THttpServer: send request response's binary content to client, but don't close request, continue

Hi,

This is a continuation of THttpServer serve big binary files (bigger than RAM) on the fly (or CGI?) - ROOT - ROOT Forum (which is closed and cannot be replied to).

With handling a HTTP request withTHttpCallArg (for example by overriding MissedRequest) can we set a response binary content with SetBinaryContent (std::string), send it to client, but then don’t close the request. Then we should be able to do another SetBinaryContent to send another chunk, etc.

This would allow lots of streamed applications.

How complex would it be to allow this? Would this require a lot of modifications in THttpServer or just a few lines to authorize this?
Maybe just one small function that would do the flush() (i.e. send the current response body to client but don’t close connection), which is surely alreay available in CivetWeb? If so, could we expose this function public in THttpServer?

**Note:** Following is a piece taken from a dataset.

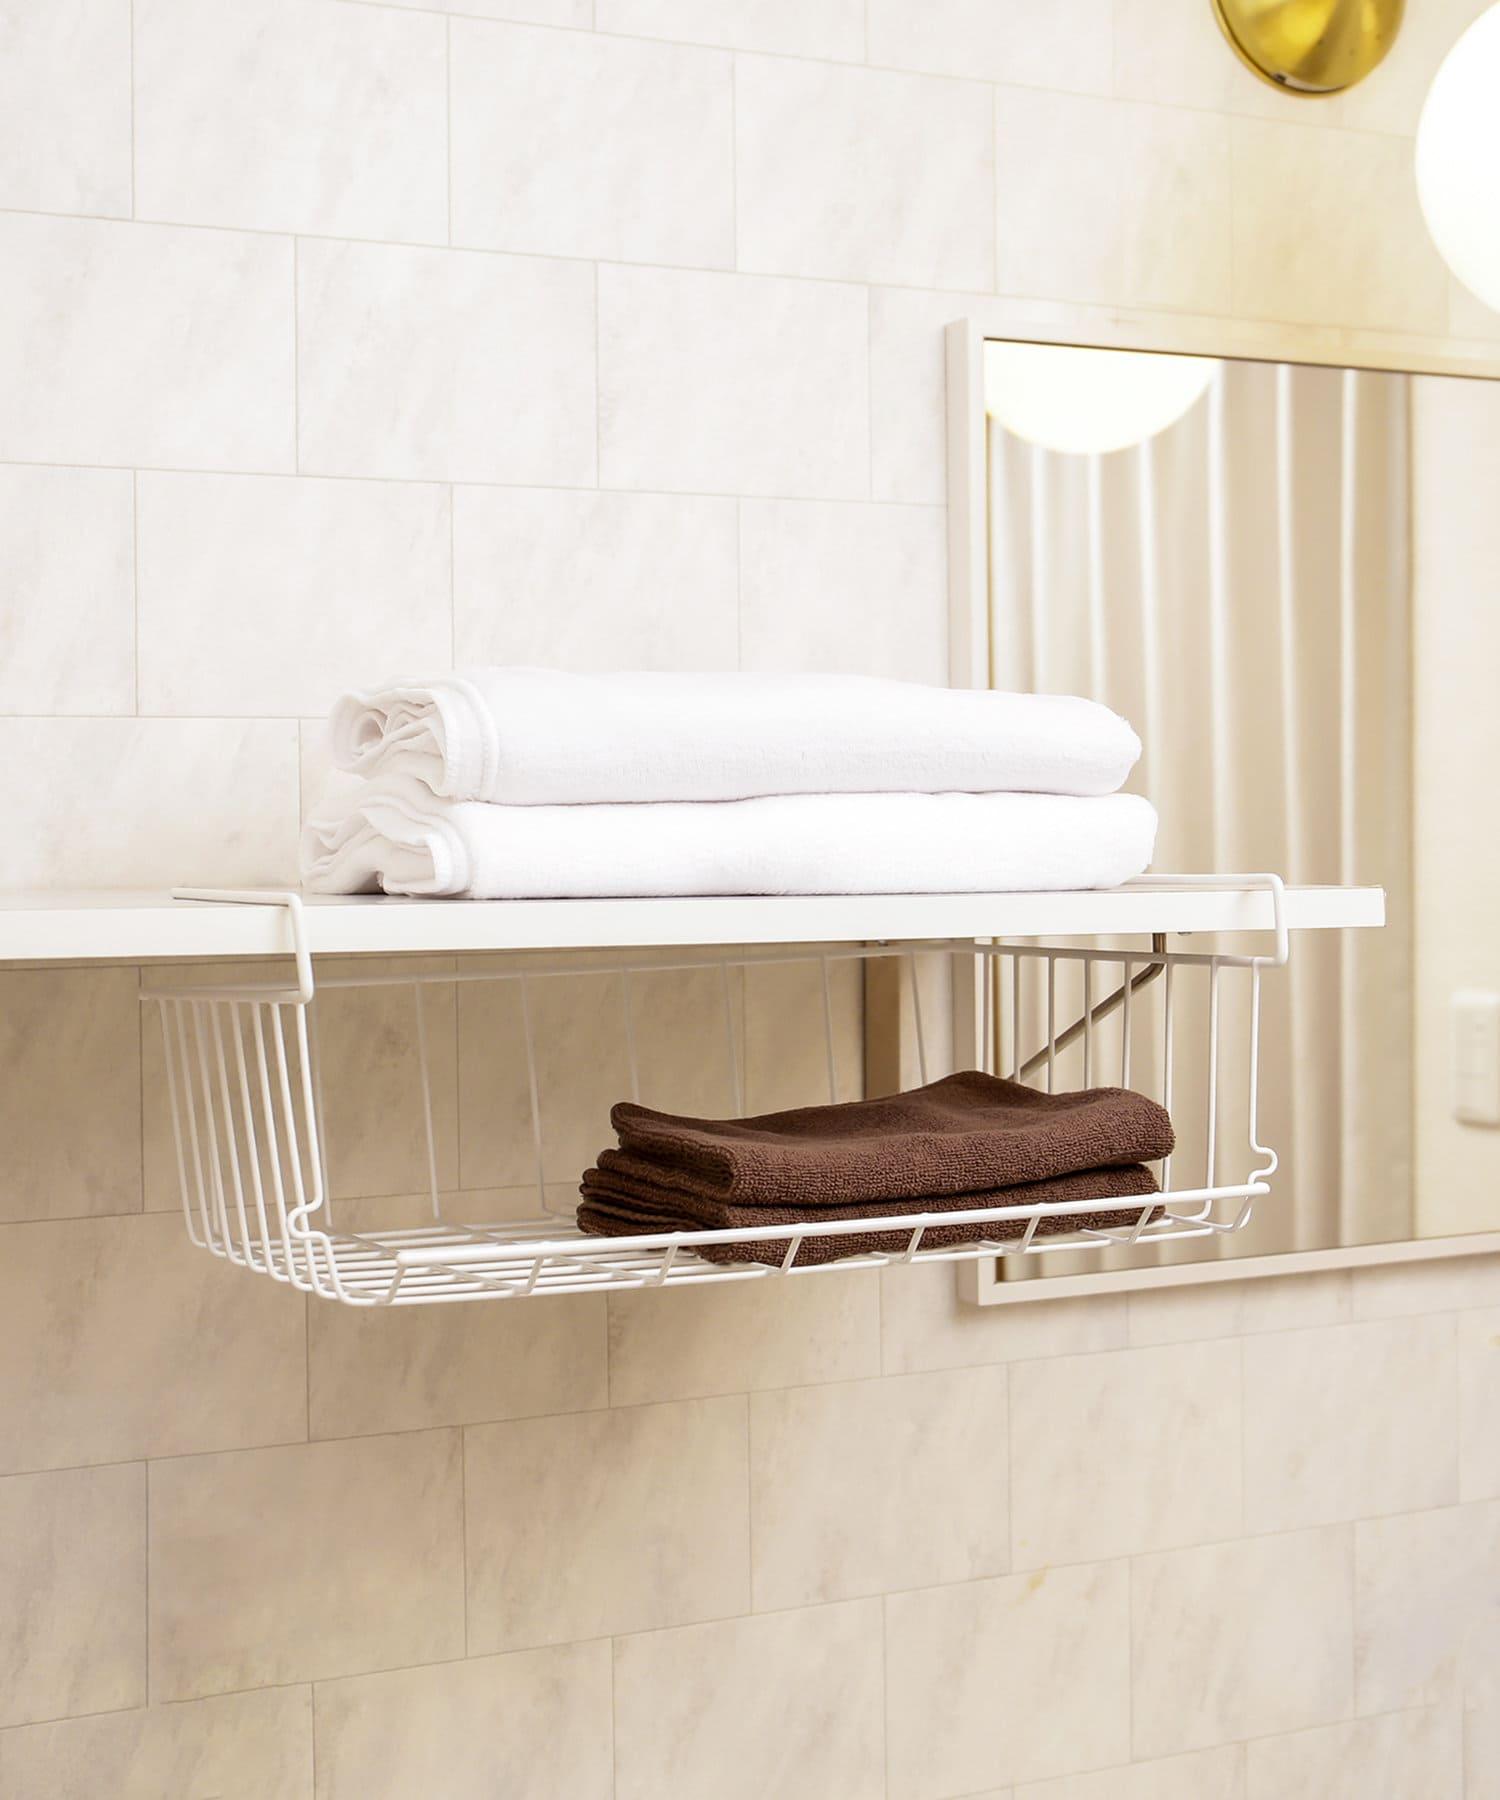 3COINS(スリーコインズ) ライフスタイル ワイヤースタック収納ラック ホワイト

Maybe @linev knows about this?

I am very interested as it would be useful for a current work-in-progress.

Have a good day!

PS: pseudo code:

void MyServer::MissedRequest(THttpCallArg \*arg) {

    // set Transfer-Encoding: chunked   or https://developer.mozilla.org/en-US/docs/Web/HTTP/Reference/Headers/Transfer-Encoding#directives ) or any other mean

    arg->SetBinaryContent(part1);
    arg->Flush_Send_Response();  // the data is sent to client but the connection is not closed,

    arg->SetBinaryContent(chunk2);
    arg->Flush_Send_Response();

    ...
}

Hi,

Plain HTTP requests does not work this way.

When one replies on the http request - http header send first.
And one of the field in the header - Content-Length.
See it in THttpCallArg::FillHttpHeader() method.

Change API here will make it too complicated for little use.
I propose to try web sockets - there you can send data in any chunks
But you should be aware of client side implementation as well.

Regards,
Sergey

Thanks for your answer @linev.

Actually, HTTP supports the Transfer-Encoding: chunked mode, when Content-Length is not known in advance.
Here is a low-level example of serving 10 GB file with 10 MB chunks, with write, and flush. (I used Python as pseudo-code but we could do it in any language).

from http.server import HTTPServer, BaseHTTPRequestHandler
import os
class Handler(BaseHTTPRequestHandler):
    def do_GET(self):
        if self.path == "/get_data":
            self.send_response(200)
            self.send_header('Content-Type', 'application/octet-stream')
            self.send_header('Content-Disposition', 'attachment; filename="random_data.bin"')
            self.send_header('Transfer-Encoding', 'chunked')
            self.end_headers()
            for _ in range(1000):
                chunk = os.urandom(10 * 1024 * 1024)
                chunk_len = f"{len(chunk):X}\r\n".encode('ascii')
                self.wfile.write(chunk_len)
                self.wfile.write(chunk)
                self.wfile.write(b"\r\n")
                self.wfile.flush()
            self.wfile.write(b"0\r\n\r\n")
            self.wfile.flush()
httpd = HTTPServer(('', 80), Handler)
httpd.serve_forever()

Do you think we could try something similar by modifying ROOT: net/http/src/TCivetweb.cxx Source File
with mg_send_chunk? ROOT: net/http/civetweb/civetweb.c File Reference

I think the use-case of having multi gigabytes of data is common in scientific applications, so this would be a great addition.


TL;DR:
Would you see a quick fix / hack so that we could directly use mg_write or mg_send_chunk inside THttpServer?
Do you see a way to call these Civet’s internals functions from THttpServer without recompiling it?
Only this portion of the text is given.